When taking the drug at a dose of 40 mg, healing of reflux esophagitis occurs in approximately 78% of patients after 4 weeks of therapy and in 93% of patients after 8 weeks of therapy.
Treatment with esomeprazole 20 mg twice daily in combination with appropriate antibiotics for one week results in successful eradication of Helicobacter pylori in approximately 90% of patients. Patients with uncomplicated peptic ulcer disease after a week-long eradication course do not require subsequent monotherapy with drugs that reduce the secretion of gastric glands to treat the ulcer and eliminate symptoms. The effectiveness of esomeprazole in bleeding from peptic ulcers, confirmed endoscopically, has been shown.
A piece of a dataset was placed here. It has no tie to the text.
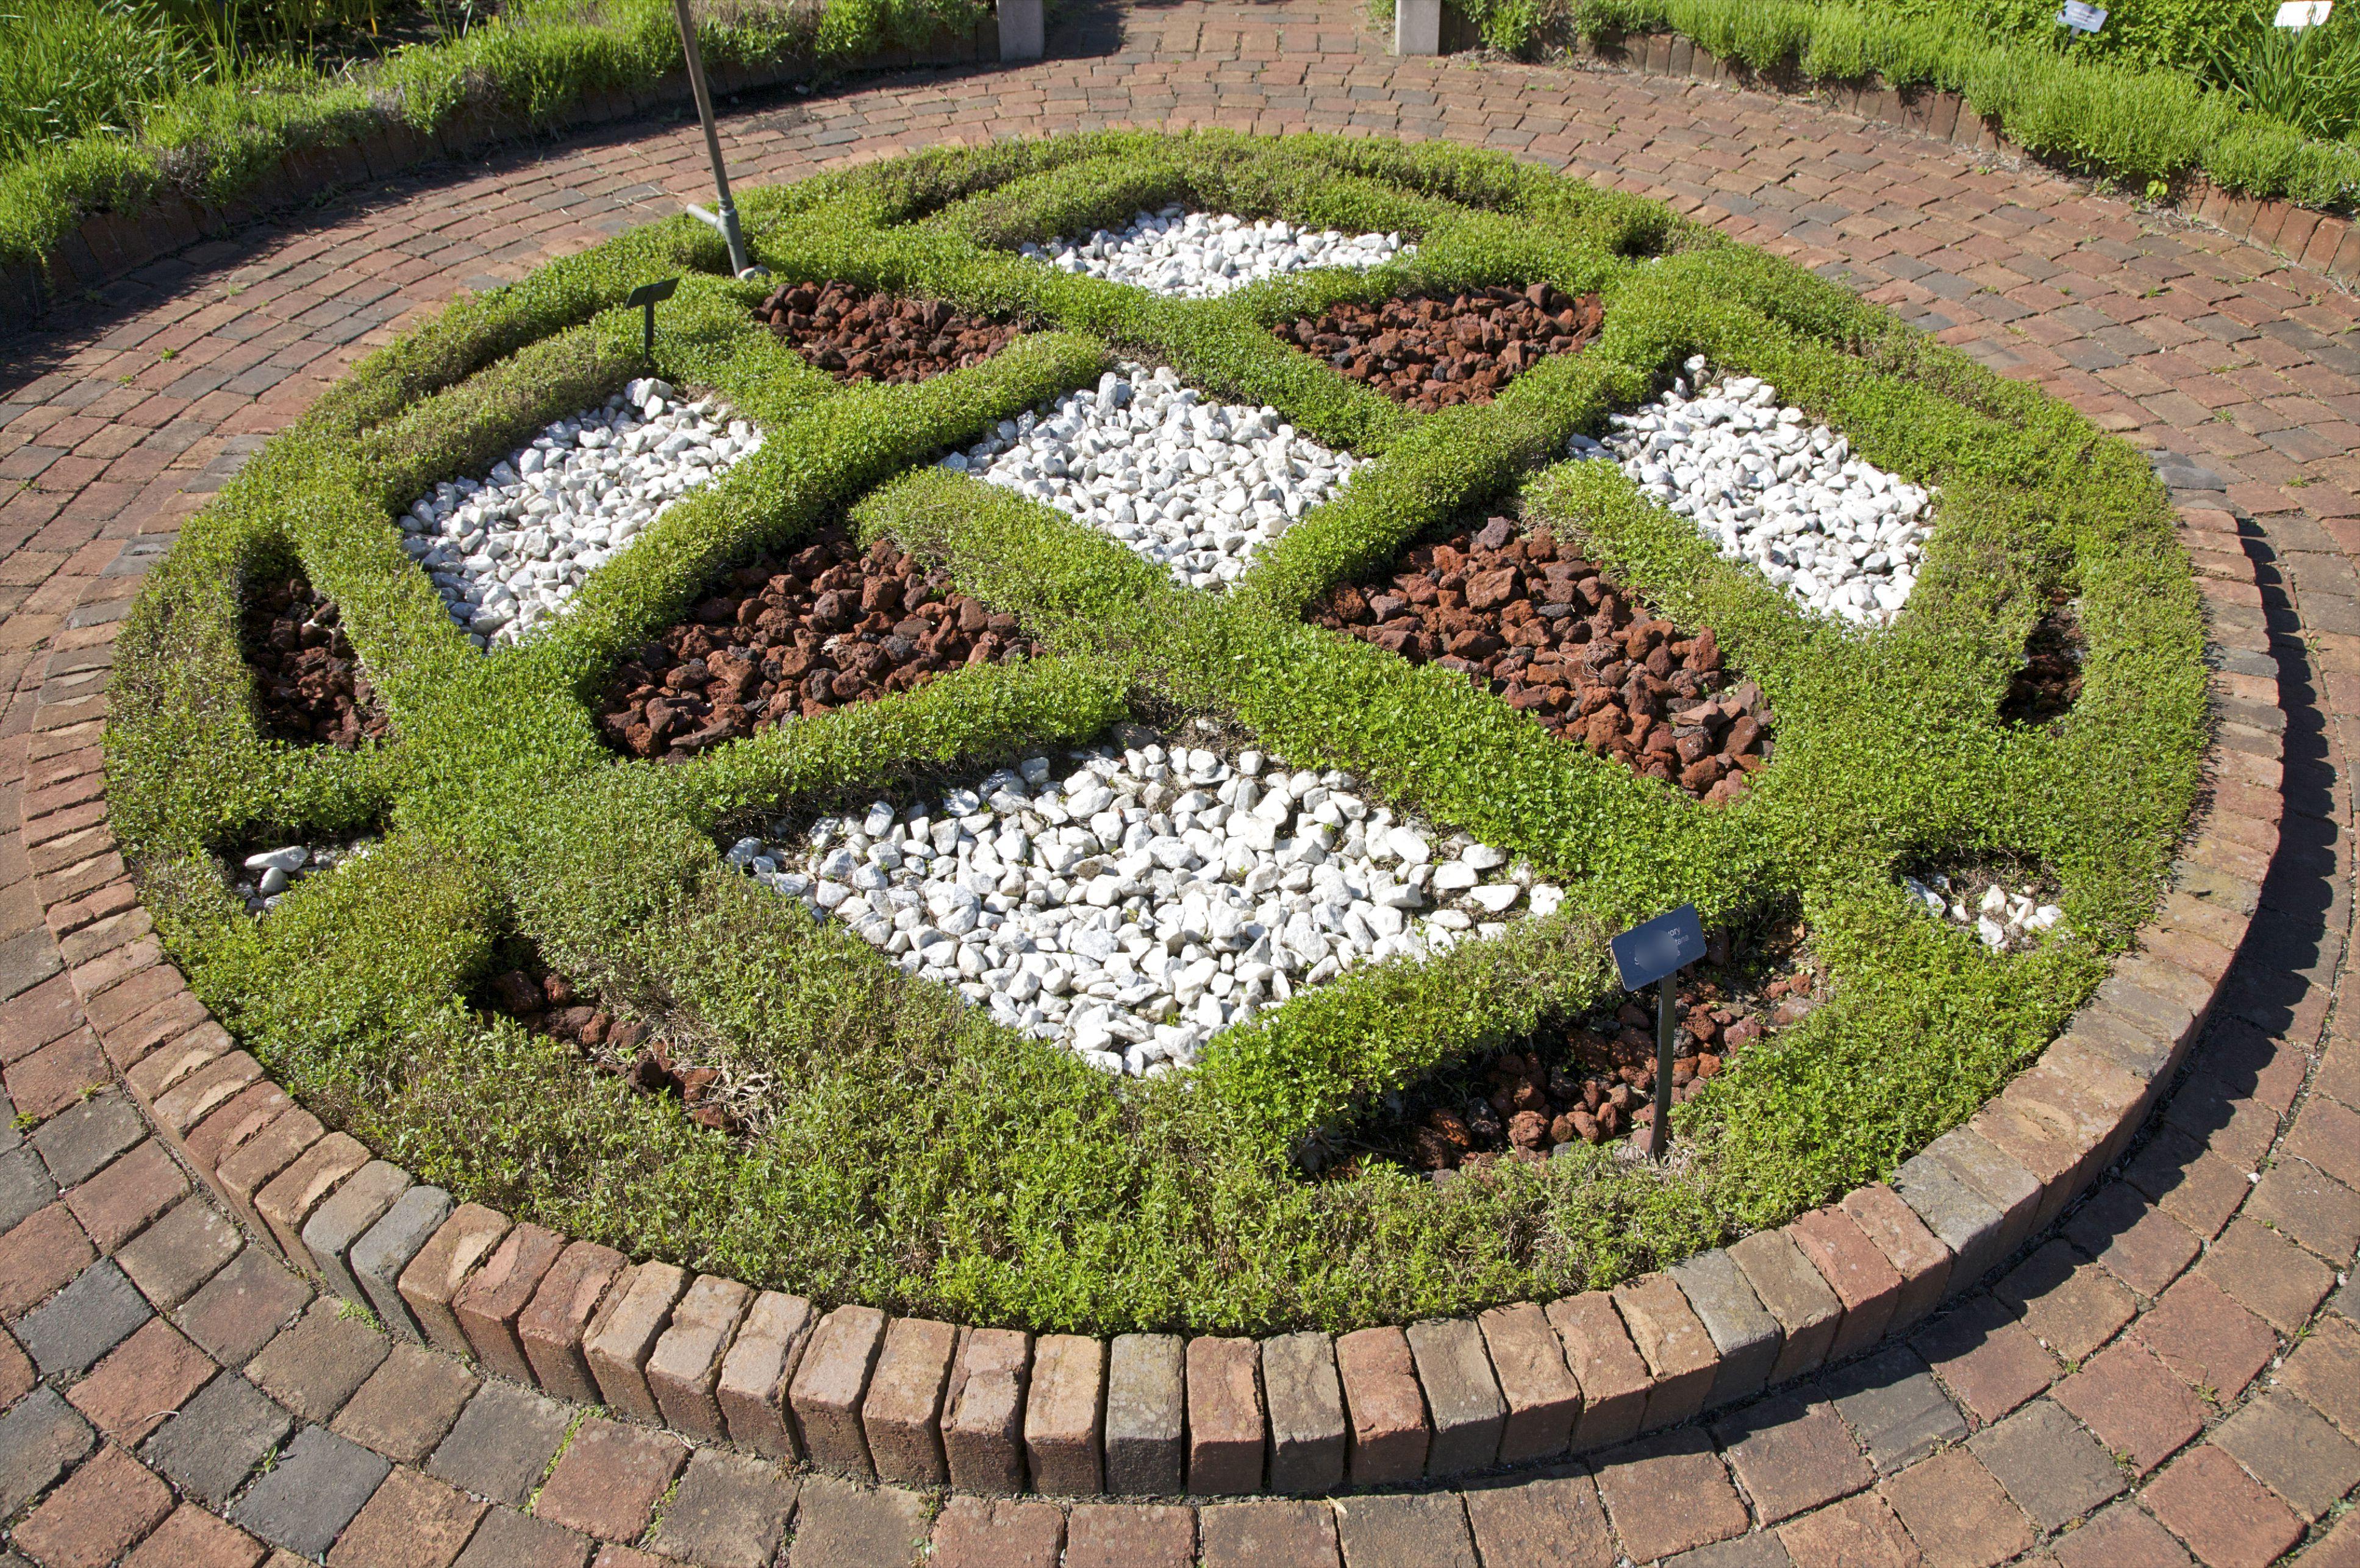 Botanical Gardens and Public Gardens in Metro Detroit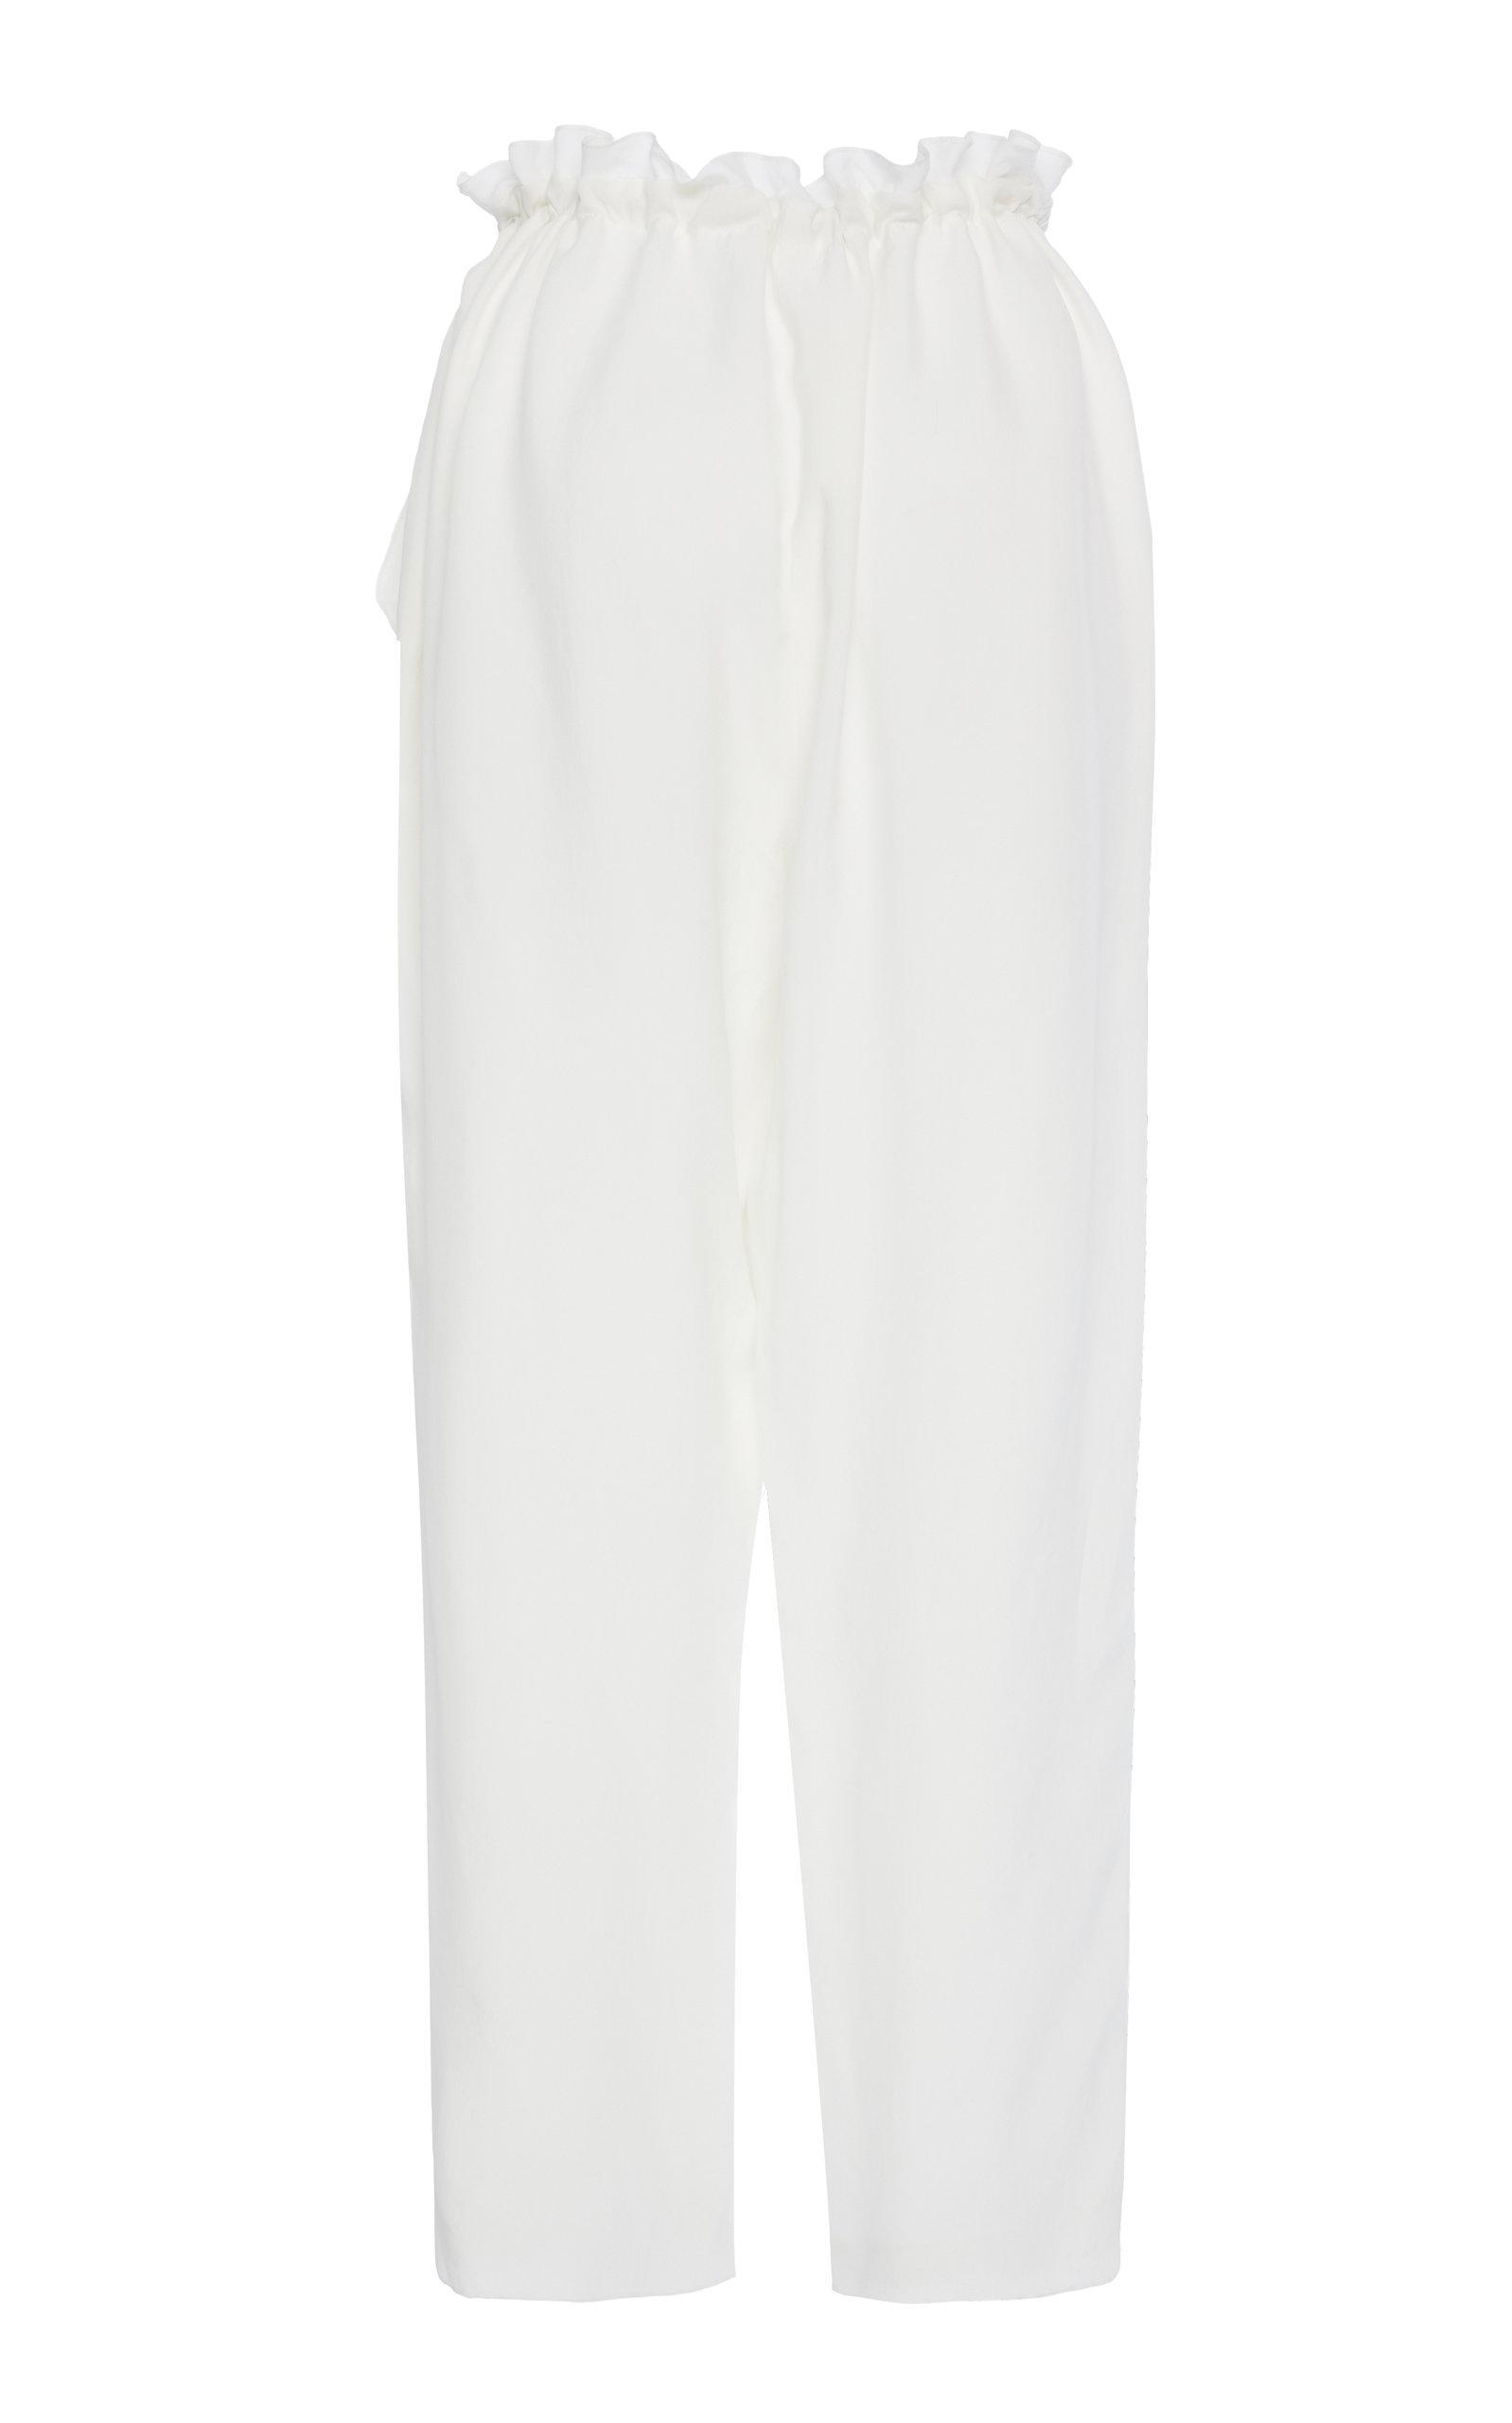 Léger Cupro Recadrée Pantalon Cordon De Serrage Sally Lapointe 7Ib4JXrvfl

Other effects associated with inhibition of hydrochloric acid secretion During treatment with drugs that reduce the secretion of gastric glands, the concentration of gastrin in the plasma increases as a result of a decrease in the secretion of hydrochloric acid. Due to decreased secretion of hydrochloric acid, the concentration of chromogranin A (CgA) increases. Increased concentrations of CgA may affect the results of examinations for the detection of neuroendocrine tumors. To prevent this effect, it is necessary to temporarily stop taking esomeprazole 5 days before the CgA concentration test.
In patients receiving esomeprazole for a long time, an increase in the number of enterochromaffin-like cells was observed, probably associated with an increase in plasma gastrin concentrations.
Patients taking drugs that reduce the secretion of gastric glands for a long period of time are more likely to develop glandular cysts in the stomach. These phenomena are caused by physiological changes as a result of pronounced inhibition of hydrochloric acid secretion. Cysts are benign and undergo reverse development.
The use of drugs that suppress the secretion of hydrochloric acid in the stomach, including proton pump inhibitors, is accompanied by an increase in the content of microbial flora in the stomach that is normally present in the gastrointestinal tract. The use of proton pump inhibitors may lead to a slight increase in the risk of infectious diseases of the gastrointestinal tract caused by bacteria of the genus Salmonella spp. and Campylibacter spp and possibly Clostridium difficile in hospitalized patients.
In two comparative studies with ranitidine, esomeprazole was superior in treating gastric ulcers in patients receiving nonsteroidal anti-inflammatory drugs (NSAIDs), including selective cyclooxygenase-2 (COX-2) inhibitors.